# Which portafilter do you prefer VSTor IMS ?



## tobimax (Jul 7, 2015)

I have both, and at the moment I am using the IMS 18g.

Do you have any thought or observations?


----------



## Dylan (Dec 5, 2011)

After using a VST 18g for a long time I tried out a IMS and didn't get a long with it at all, went in the cupboard and hasn't been seen since.

p.s. Basket not portafilter, sorry to be pedantic.


----------



## The Systemic Kid (Nov 23, 2012)

Same as Dylan. VST all the way.


----------



## Phil104 (Apr 15, 2014)

VST now, although to confuse matters I thought the 17g LMS basket that I used when I was starting out was good.


----------



## Glenn (Jun 14, 2008)

I have a range of VST and IMS baskets, and use them with different coffees.
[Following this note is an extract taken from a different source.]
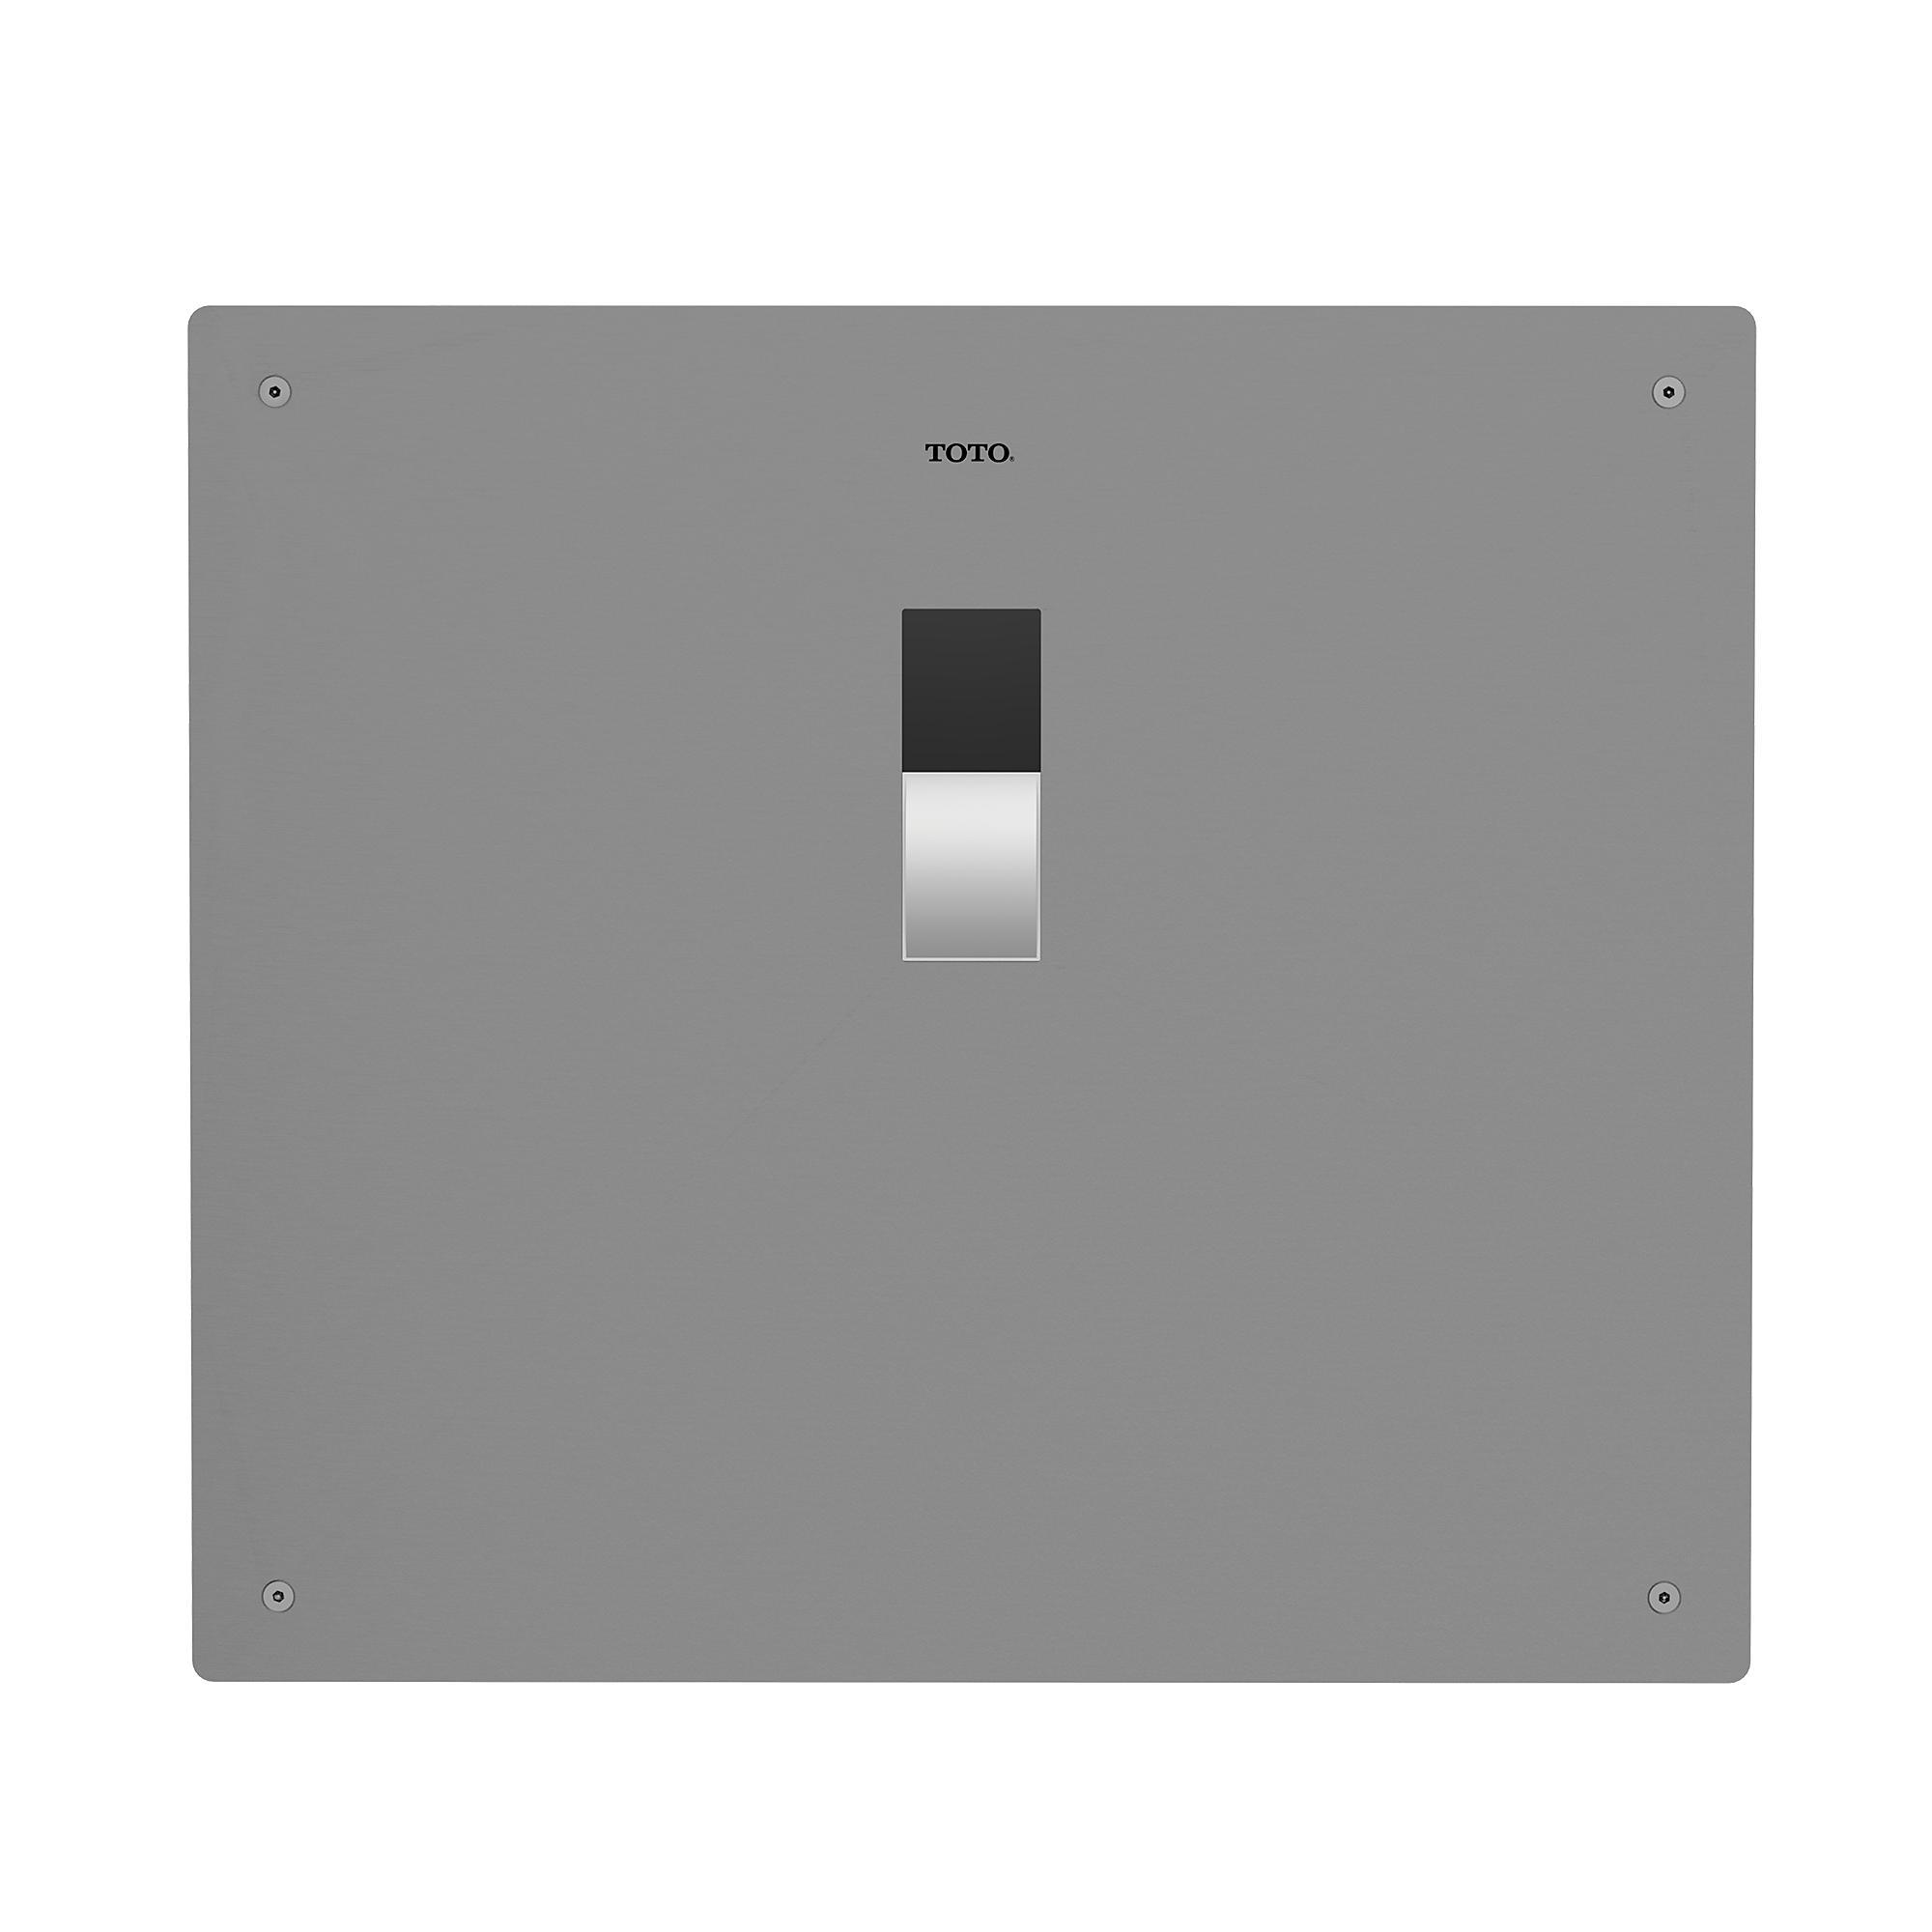 Tet2ga33 ss ecopower  concealed toilet flush valve   1 6 gpf  v b  set   back spud floor  0
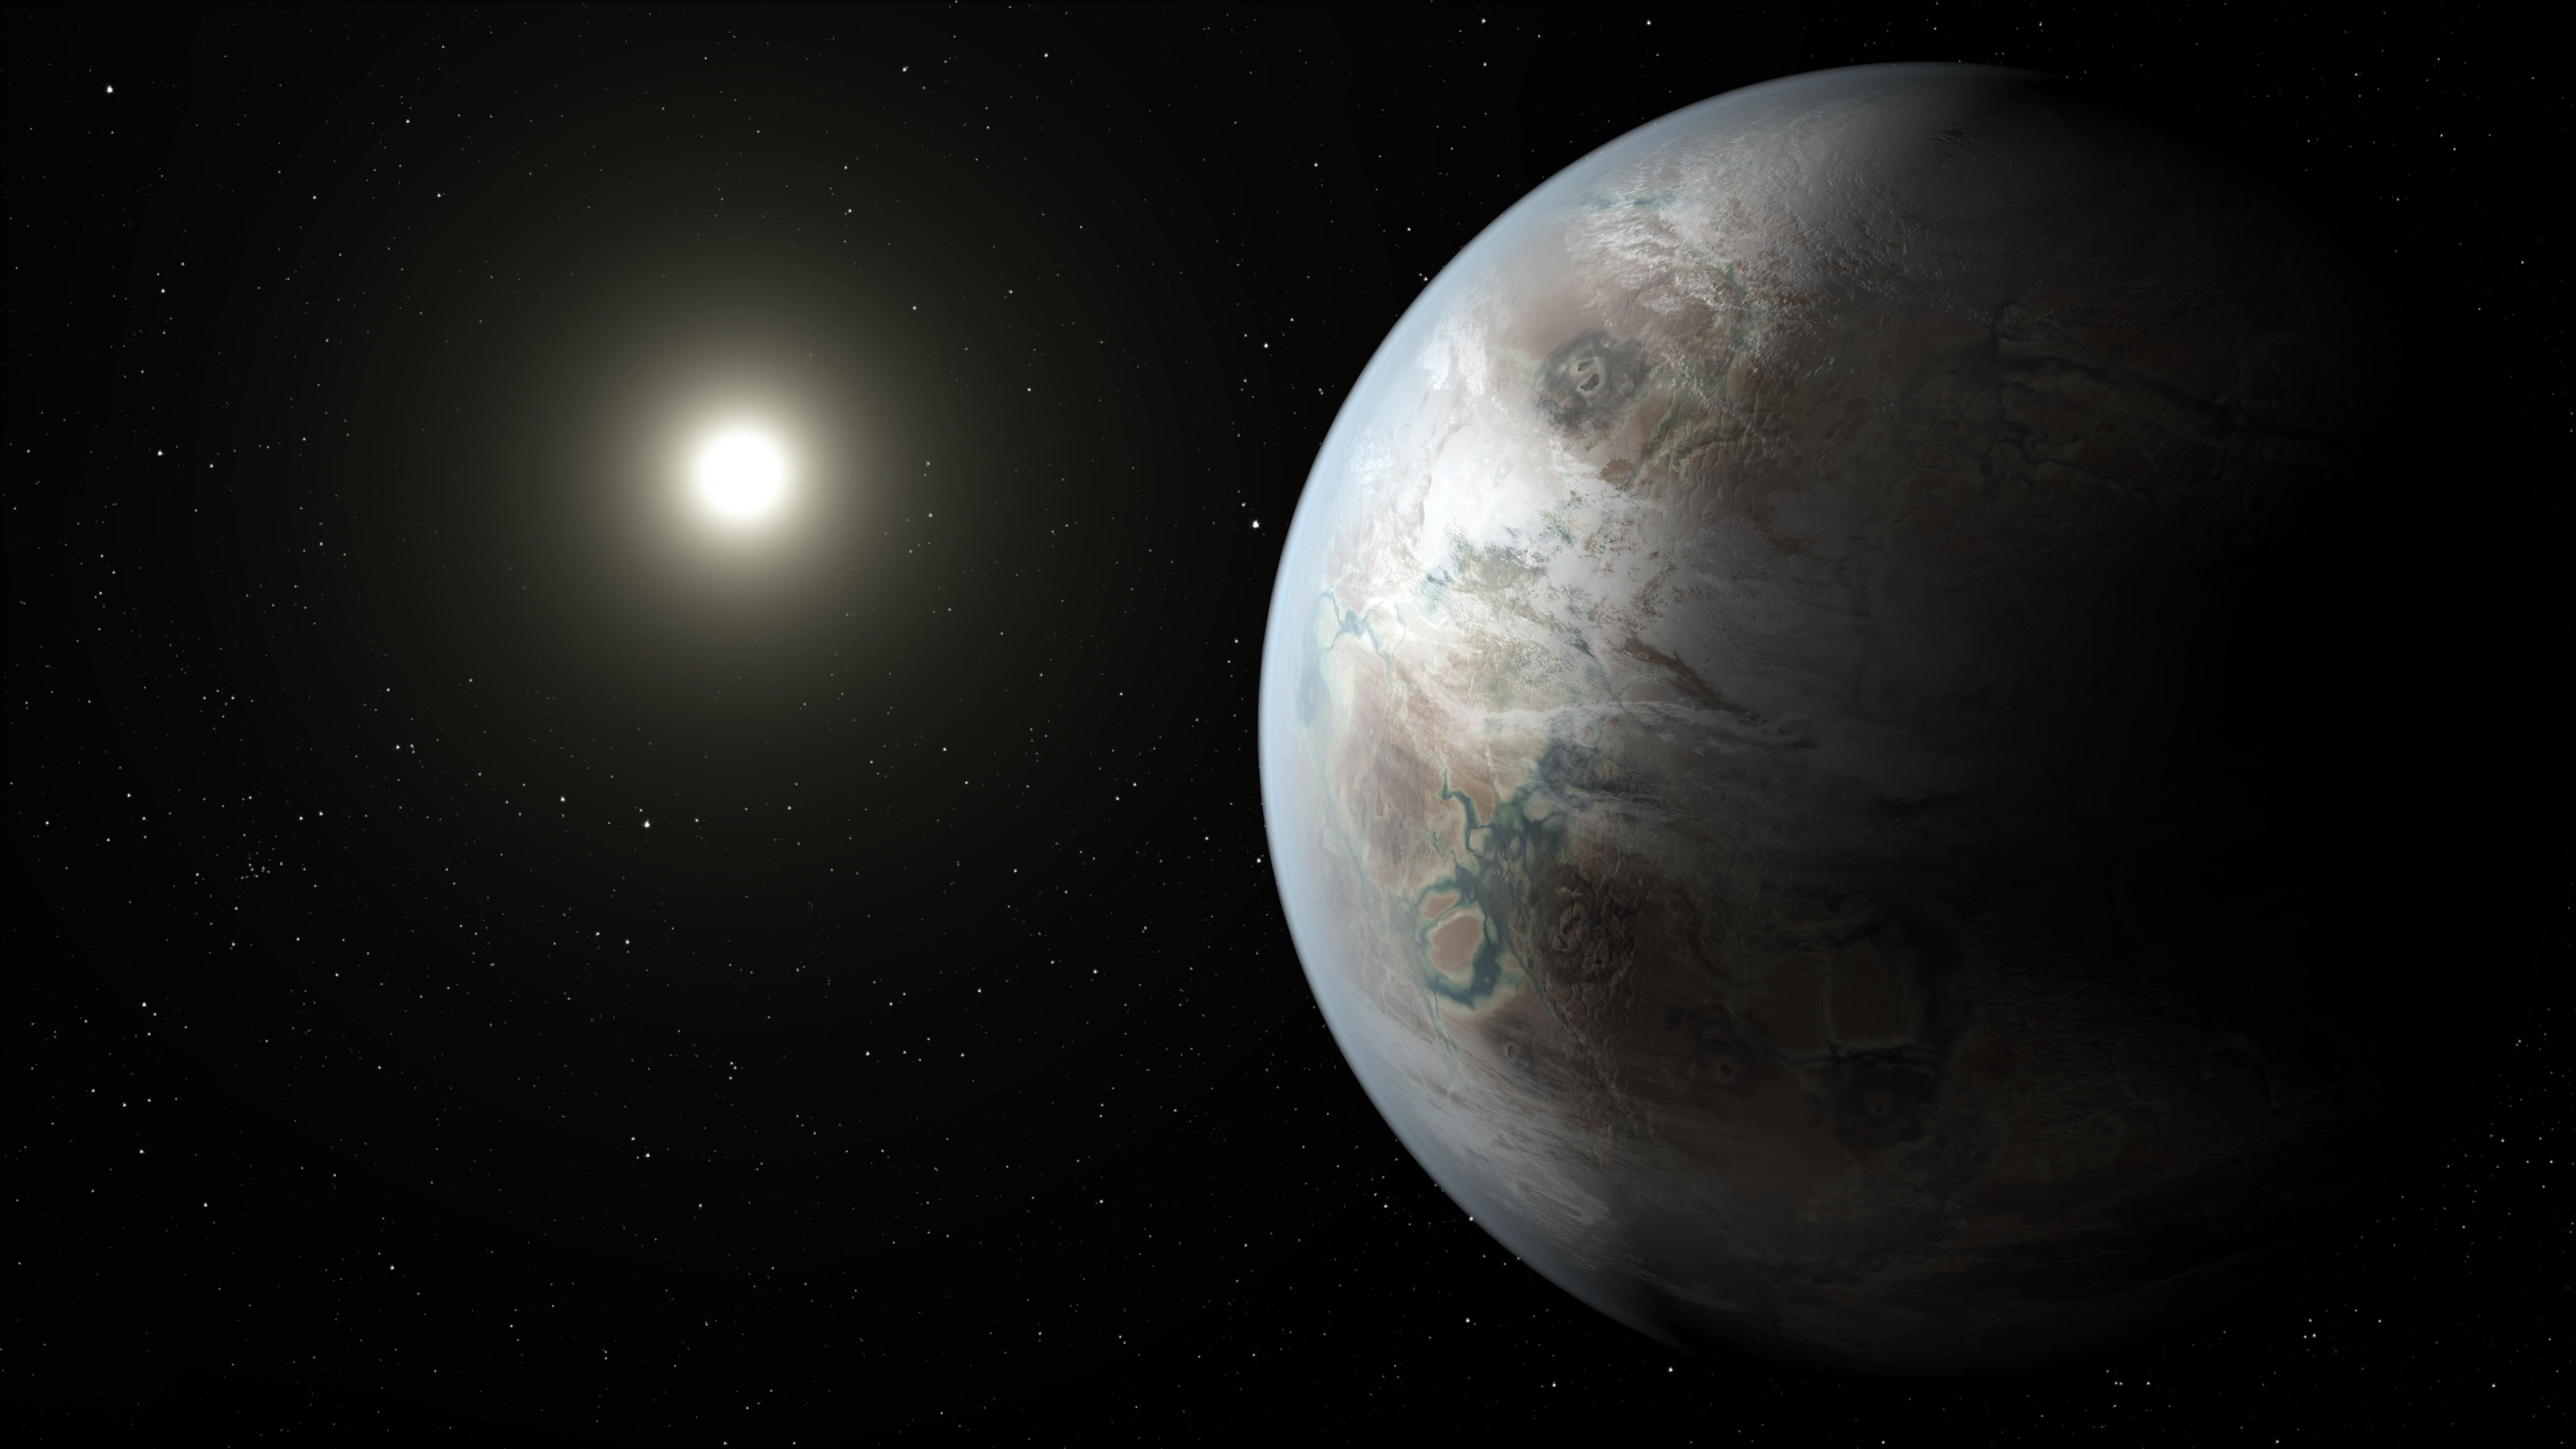 Concepção do Kepler-452b, exoplaneta em zona habitável de uma estrela igual ao Sol (Foto: Wikimedia/NASA)

I find the VST are less forgiving, require a finer grind and the extractions look cleaner.

However, on some lighter roasted coffee I prefer the IMS which seems to let more oils through and there is added sweetness.

Purely my observations, having used both for several years, but not running any analytical side-by-side tests in a fully controlled environment.


----------



## risky (May 11, 2015)

Believe socratic are doing a side by side comparison. I've only used vst so don't have a comparison but they do seem to expose any errors in your preparation.


----------



## glevum (Apr 4, 2013)

Cant get on with the IMS. Struggled with the VST to start with, even going back to stock for a bit. only use VST now


----------



## tobimax (Jul 7, 2015)

Glenn said:


> I have a range of VST and IMS baskets, and use them with different coffees.
> 
> I find the VST are less forgiving, require a finer grind and the extractions look cleaner.
> 
> ...


Glen, as I use mainly light roasts I quite like the IMS.

I have just changed to 18 in 36 out and have stayer with the IMS for now.


----------



## tobimax (Jul 7, 2015)

glevum said:


> Cant get on with the IMS. Struggled with the VST to start with, even going back to stock for a bit. only use VST now


I struggled with the VST at first and when I got the IMS I had no problems at all.


----------



## DoubleShot (Apr 23, 2014)

Only used VST myself and will mostly continue to do so. Far more users and fans of VST imo over IMS or even, dare I say it, stock baskets!


----------